До него донесся полный ненависти голос Гулты:
— Спускайтесь сами, если вы мужчины! Спускайтесь, бабы! Сукины дети!
Хагаг, стоявший посреди потока бегущих назад людей, прокричал:
— Жизни своей не пожалею, чтобы напиться твоей крови, грязный
Касем подобрал камень и метнул его изо всех сил. Камни продолжали сыпаться. Враги бежали, сталкиваясь и переступая друг через друга. Подошел Хасан и, вытирая со лба кровь, сказал:
— Все кончилось. Те, кто остался жив, бежали по южному склону.
— Собери людей, будем их преследовать! — приказал Касем.
— У тебя кровь течет изо рта и по подбородку, — обратился к нему Садек.
Он вытер ладонью рот, посмотрел на нее и увидел, что она окрасилась алым.
— Мы потеряли восемь человек. Многие тяжело ранены и неспособны передвигаться, — с сожалением сказал Хасан.
Сквозь каменный град он посмотрел вниз и увидел, как пособники надсмотрщиков убегают в пустыню.
— Если бы они поднялись до конца, то увидели, что здесь некому было им сопротивляться, — произнес Садек. Он вытер кровь с подбородка Касема и добавил: — Твой ум нас спас!
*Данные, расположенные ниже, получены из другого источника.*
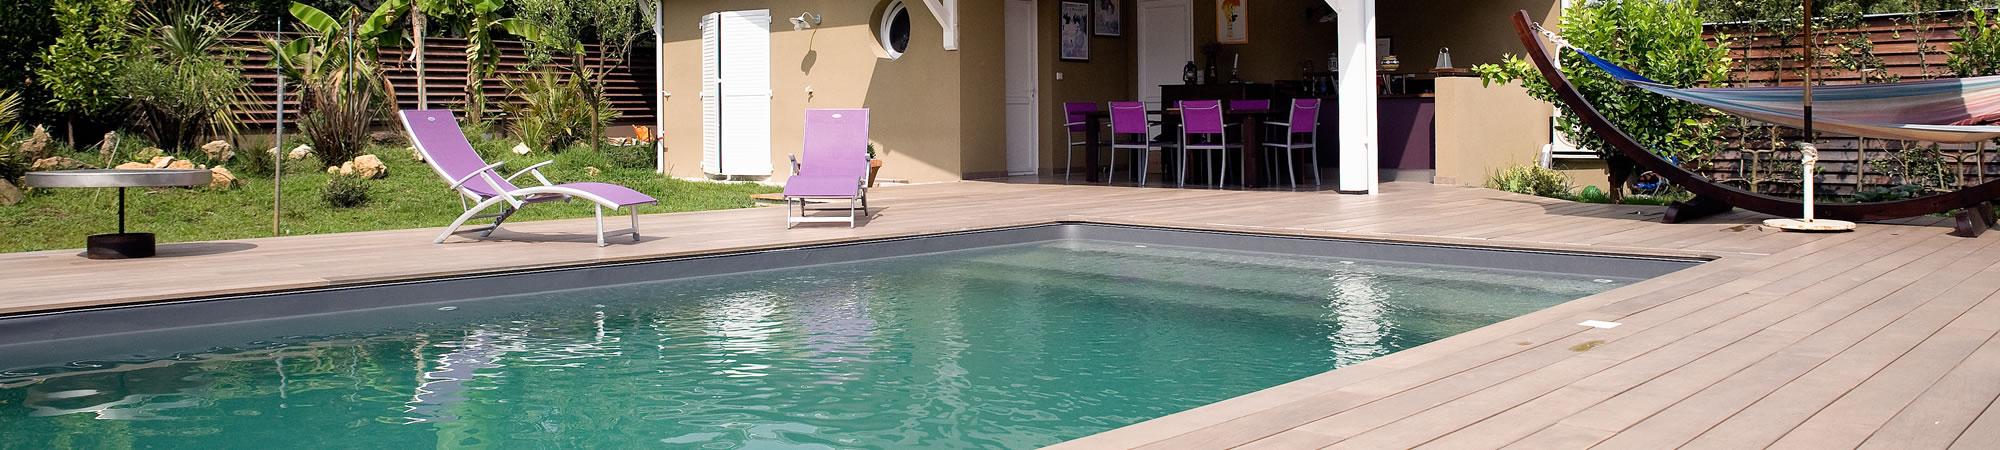 brettes piscine constructeur piscine bordeaux

Касем оставил двоих охранять тропу, а других послал в погоню за бежавшими. Обессиленные, все трое — Касем, Садек и Хасан — тяжелой поступью двинулись в сторону площади, с которой уже убирали мертвых. Это была настоящая битва! Из обитателей горы погибли восемь, а их враги потеряли десять, не считая Лахиты. Среди живых не было ни одного, кто не получил бы ранения или увечья. Воины разошлись по хижинам. Женщины перевязывали им раны. В домах убитых раздавались плач и причитания. Прибежала запыхавшаяся Бадрия и проводила их в дом, чтобы промыть раны. Сакина принесла громко плачущую Ихсан. Солнце посылало палящие лучи. Коршуны и вороны кружили над полем битвы, то и дело бросаясь вниз. В воздухе пахло пылью и кровью. Ихсан не переставала плакать, но на нее никто не обращал внимания. Даже могучий Хасан, казалось, не стоял на ногах.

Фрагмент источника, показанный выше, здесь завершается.